Morreu Massimo Vignelli, para quem o design era “diminuir a quantidade de vulgaridade no mundo”
Um dos mais influentes designers gráficos do séc. XX, criou a sinalética e um polémico mapa do metro de Nova Iorque onde só lhe interessava “o esparguete”. Autor dos logótipos da American Airlines, Benetton e dos famosos brown bags do Bloomingdale's.
Os obituários de Massimo Vignelli descrevem-no assim, como essa figura tutelar do design gráfico que marcou uma paisagem e ajudou a criá-la – especialmente em Nova Iorque. Mas ele, a quem muitos dos seus pares e jovens fãs escreveram e escrevem ainda nas últimas semanas agradecendo-lhe pela inspiração, considerava-se um “arquitecto da informação”. Mestre da clareza e simplificação, o seu trabalho ou nos entra olhos dentro ou já entrou, pessoalmente, nas ruas da cidade cuja sinaléctica do metro desenhou ou nos filmes e imagens que retratam a cinematográfica cidade em todos os seus ângulos.

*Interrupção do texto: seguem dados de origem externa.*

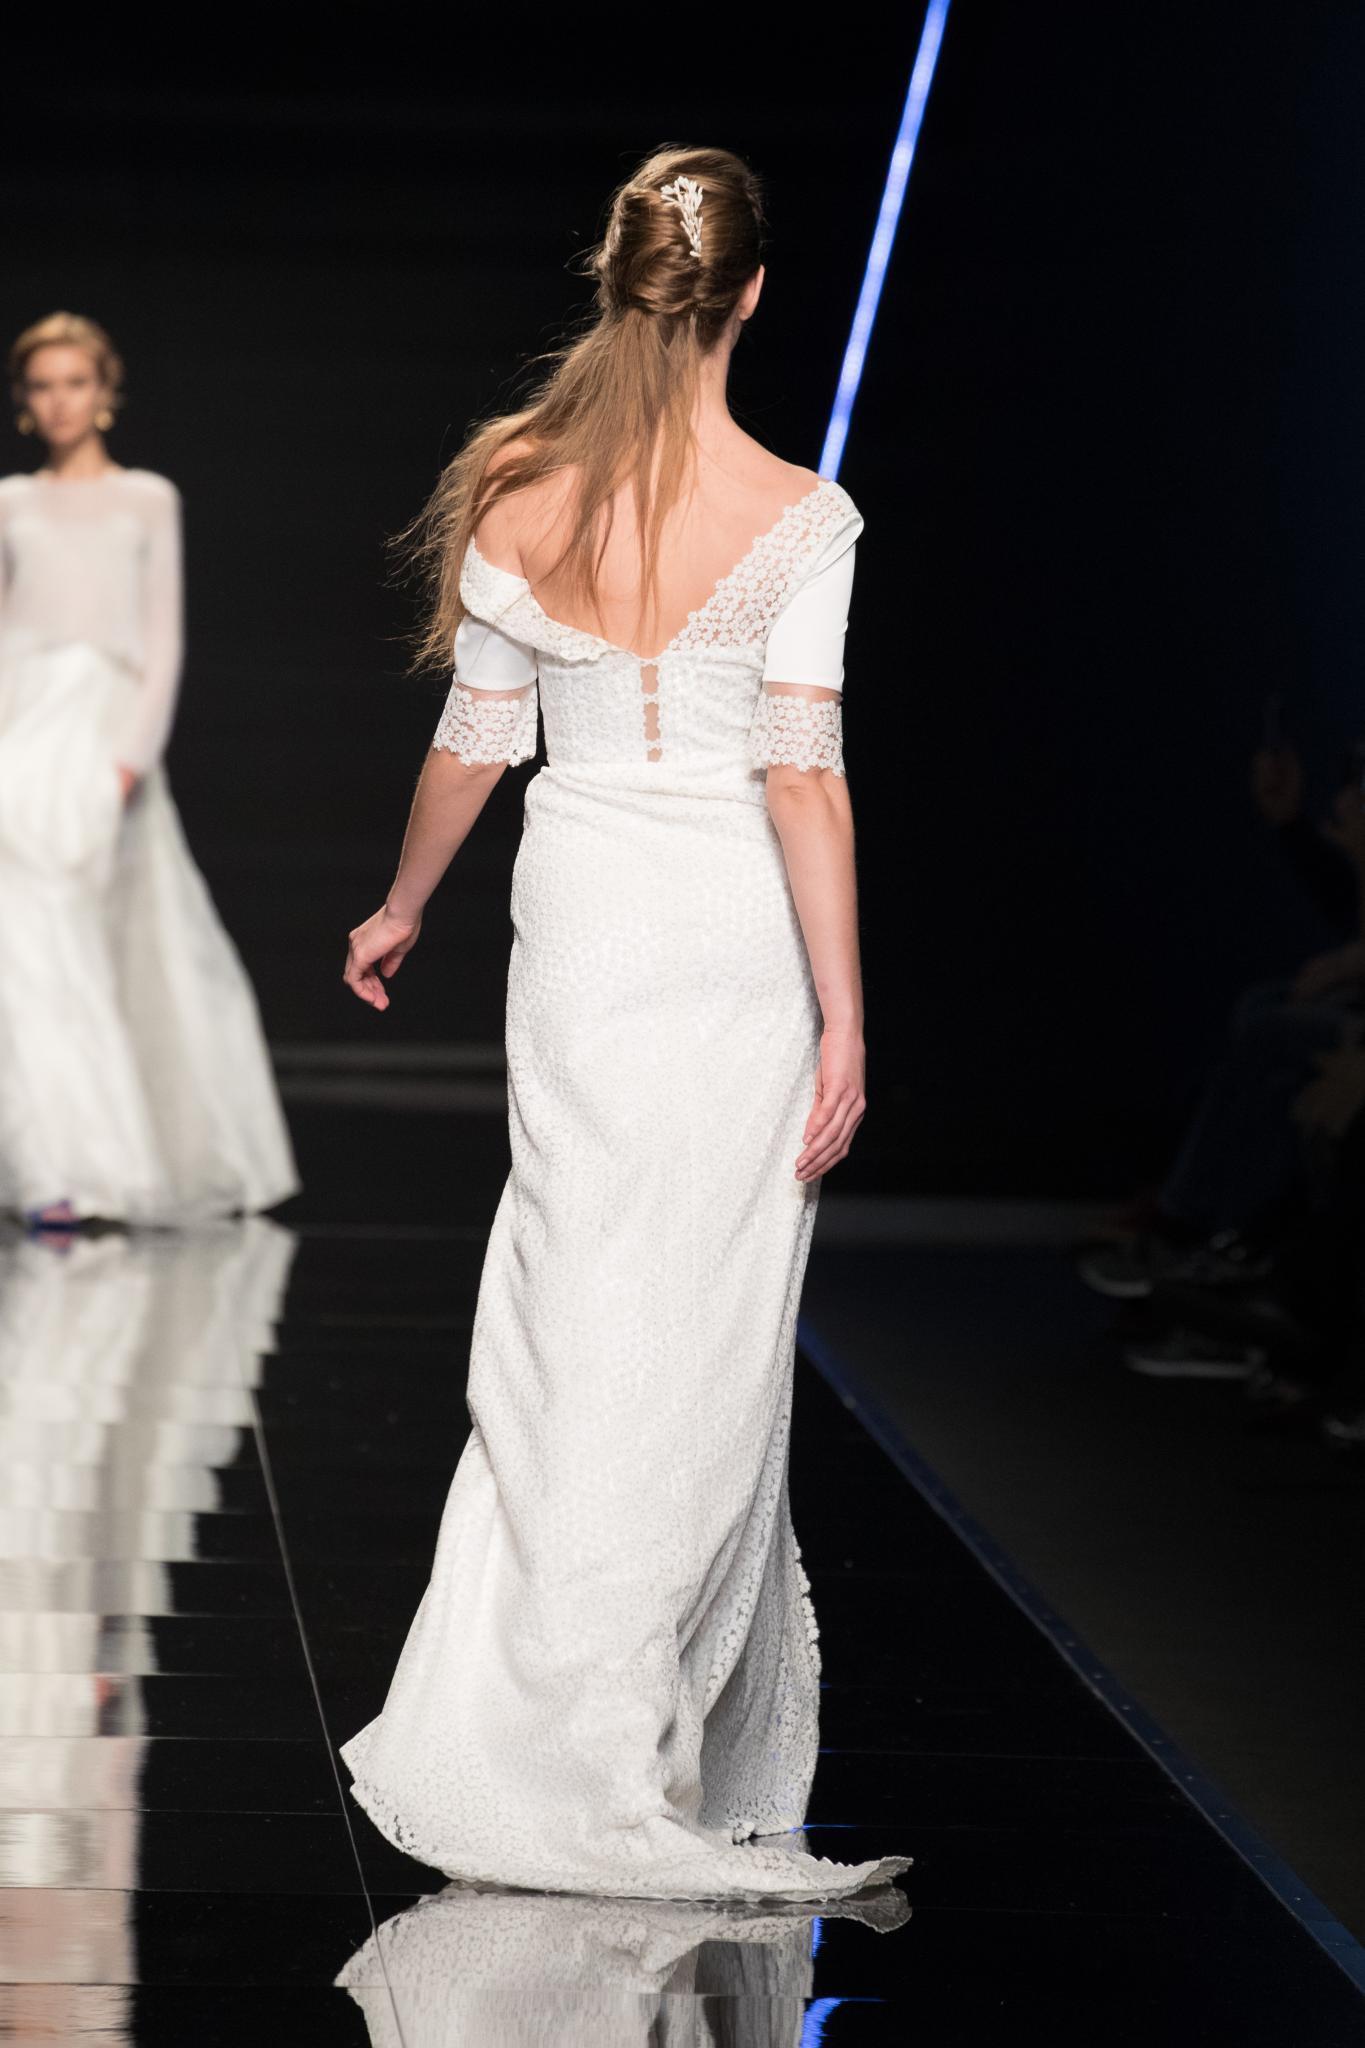 Vista de atrás de cabellera castaña clara, peinado semi recogido con aplique blanco (parece una novia)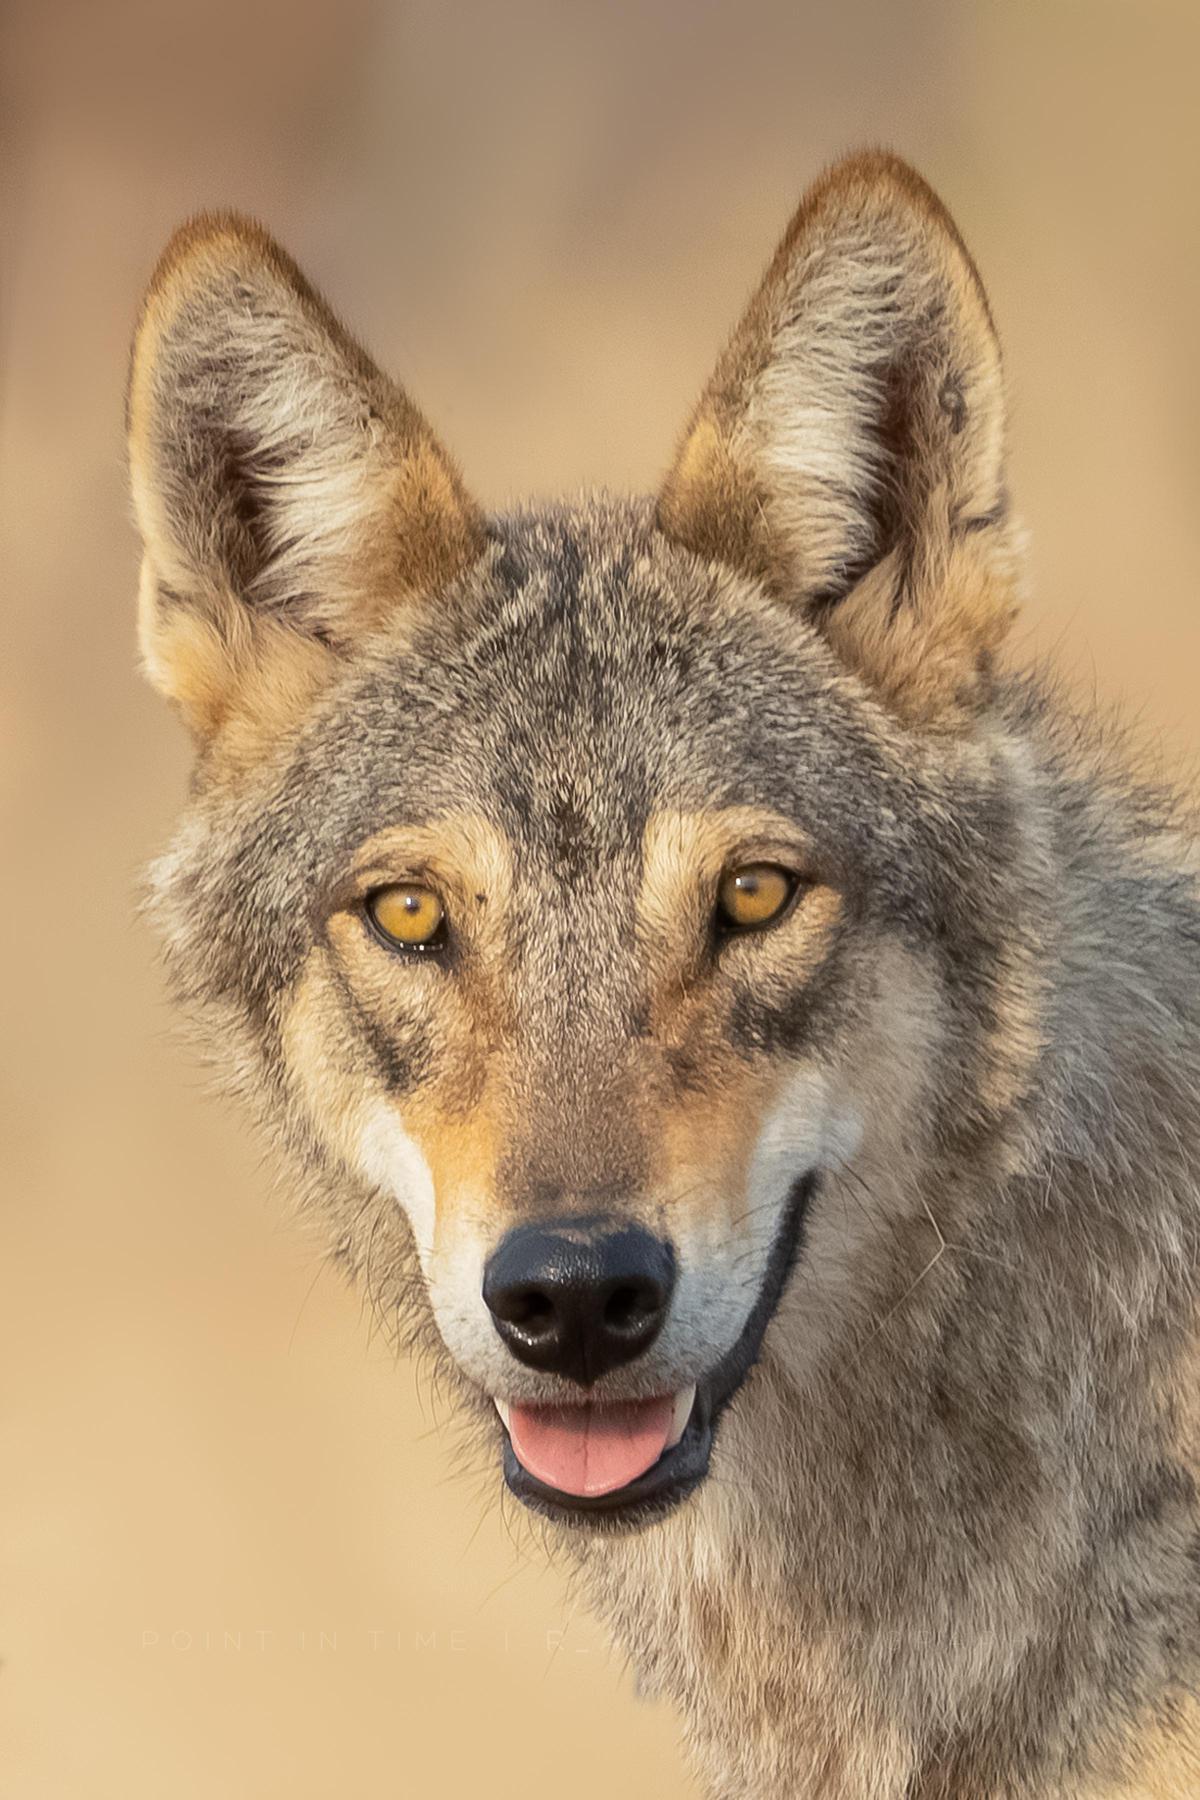 Image of Mammal, Vertebrate, Canidae, Czechoslovakian wolfdog, Canis, Wolf etc.

Massimo Vignelli desenhou capas de livros, sacos de compras dos grandes armazéns americanos Bloomingdale’s (o famoso brown bag e o lettering ainda hoje usado no logótipo da marca), Saks e Barneys, brochuras ainda em uso para o Serviço de Parques Nacionais dos EUA e inúmeros trabalhos para dezenas de marcas. Das companhias aéreas (criou a identidade gráfica da American Airlines, usada durante 45 anos) à computação (IBM), passando pelas italianas Pirelli, Olivetti, Perugina, pela cadeira empilhável Handkerchief para a Knoll e até a sinaléctica do Museu Guggenheim de Bilbau, além da redefinição, em 1995, da identidade empresarial da Benetton, que alinhou num rectângulo verde que depois se colocaria nas famosas campanhas de grande impacto social da marca italiana.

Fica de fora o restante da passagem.